Exclude the pictures and reproduce the remaining data exactly as written.

Data section:
· · · ·

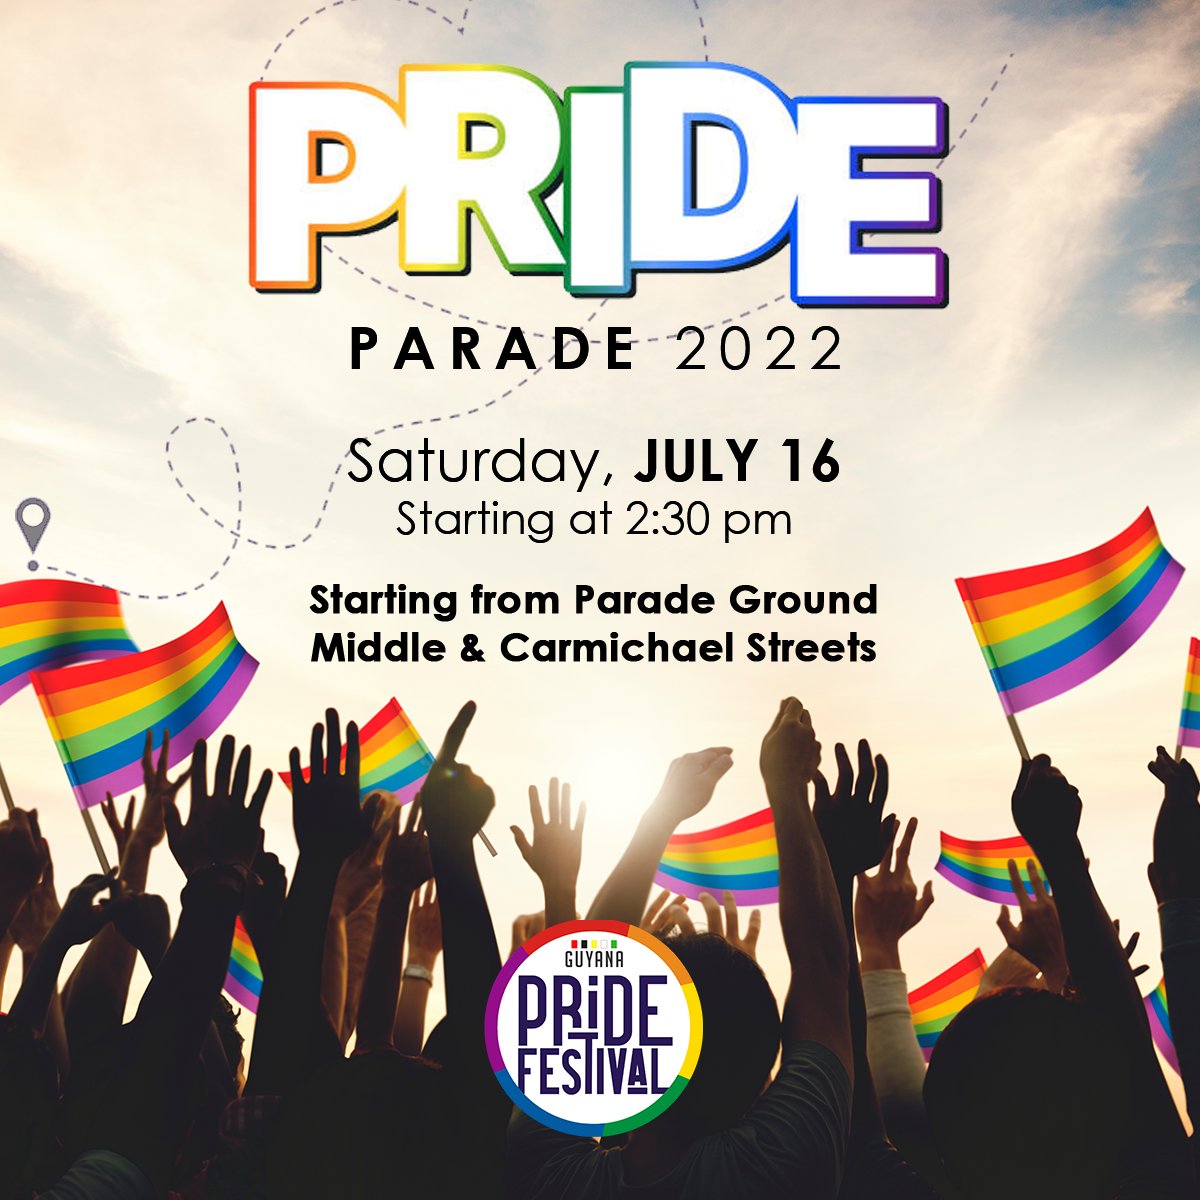 Rain or shine, #PrideParade2022 must go on! Assemble at Parade Ground this Saturday, July 16, to move off at 2:30 pm and end at the Square of the Revolution! Wear costumes, bring flags, banners, placards and display your rainbow colours under the theme #OurBodiesOurLivesOurRights
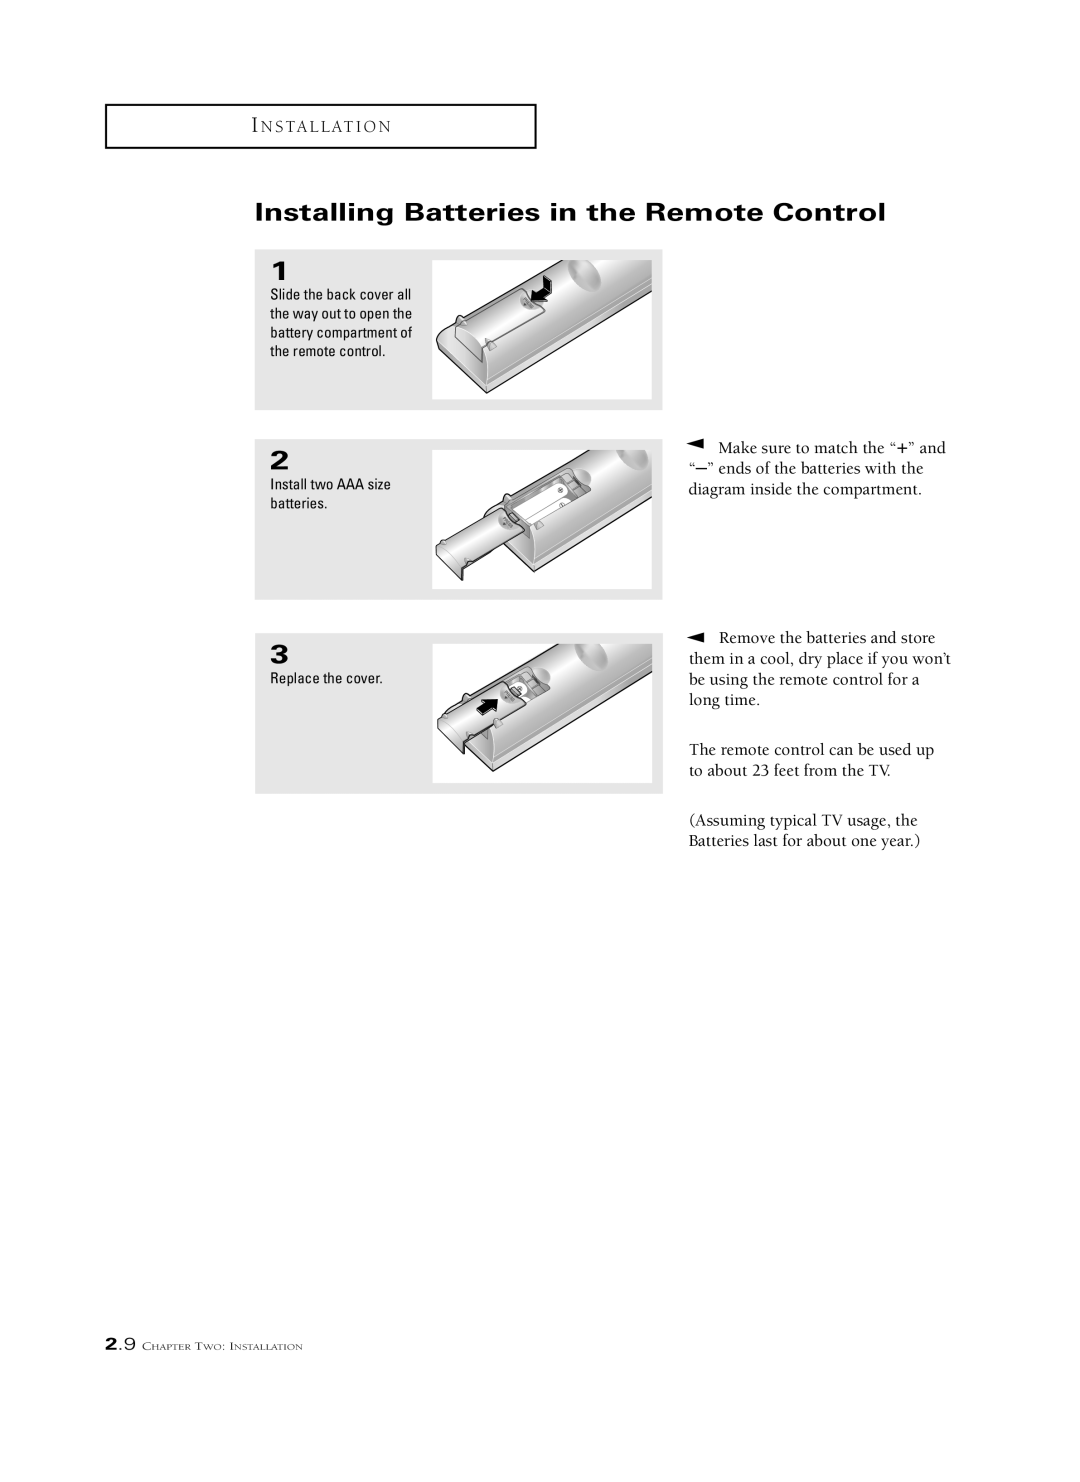 Samsung HCL 473W, HCM6525W Installing Batteries in the Remote Control, Install two AAA size batteries, Replace the cover 
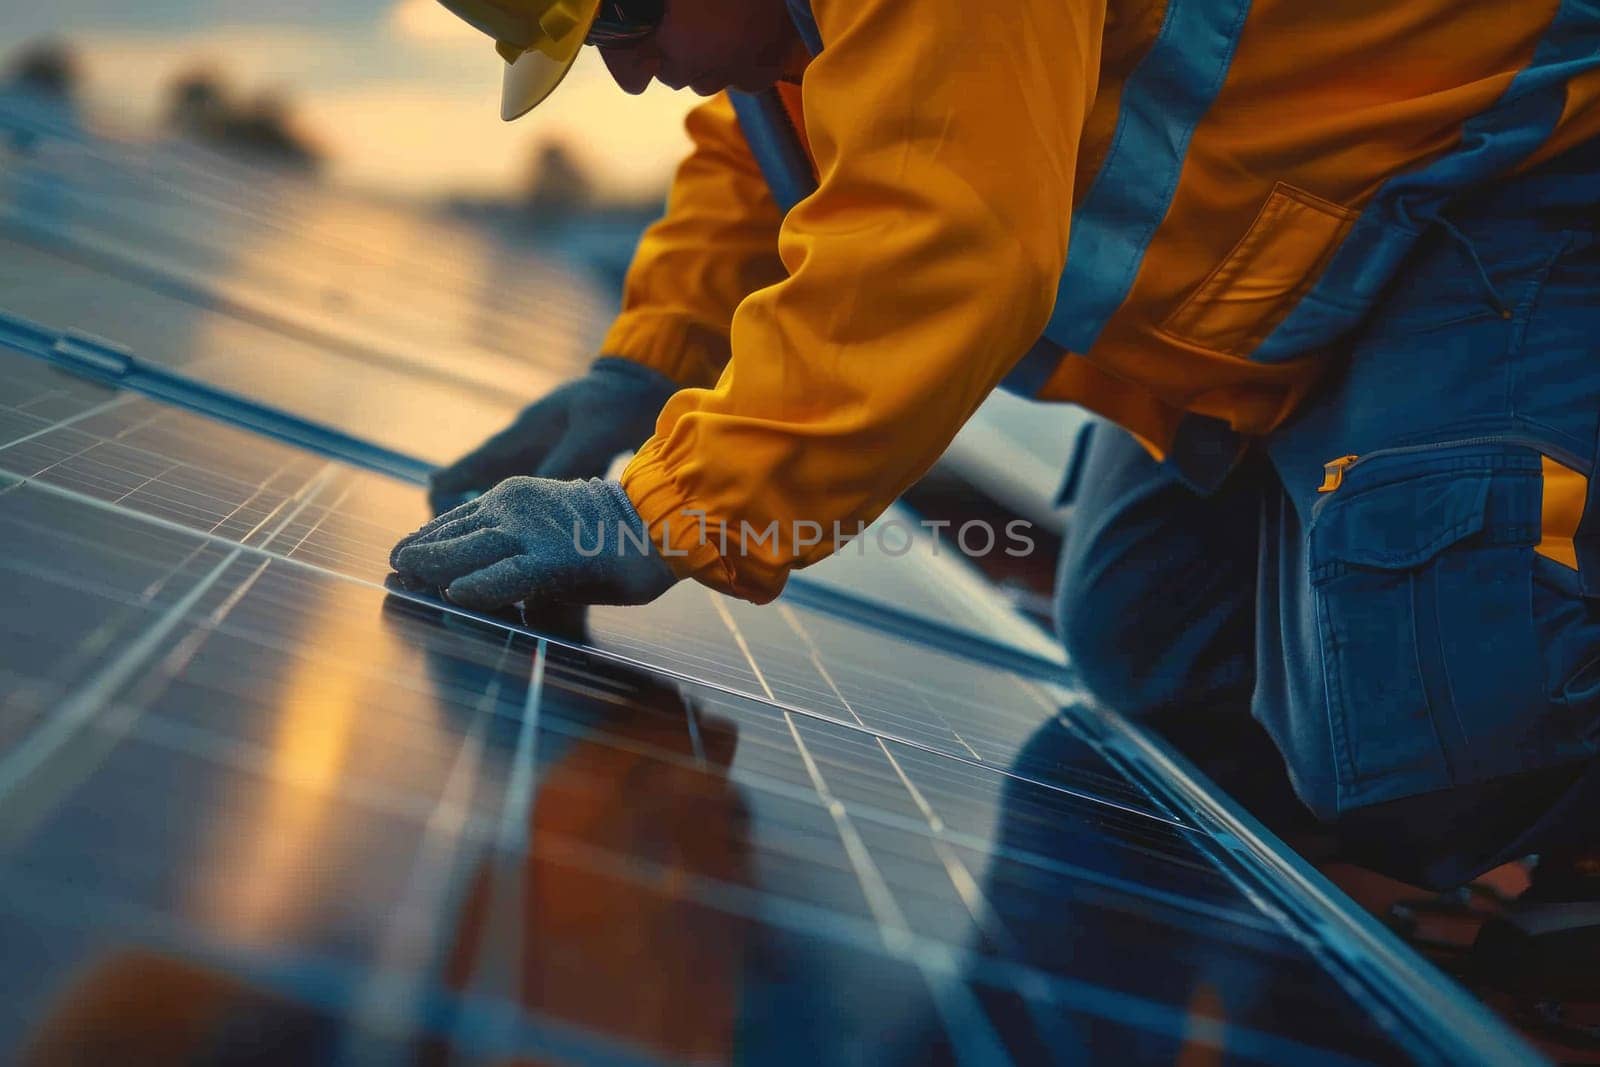 A man in orange safety gear is working on a solar panel.

· · · ·

Response to this task:
 Rain or shine, #PrideParade2022 must go on! Assemble at Parade Ground this Saturday, July 16, to move off at 2:30 pm and end at the Square of the Revolution! Wear costumes, bring flags, banners, placards and display your rainbow colours under the theme #OurBodiesOurLivesOurRights
 Samsung HCL 473W, HCM6525W Installing Batteries in the Remote Control, Install two AAA size batteries, Replace the cover 
 A man in orange safety gear is working on a solar panel.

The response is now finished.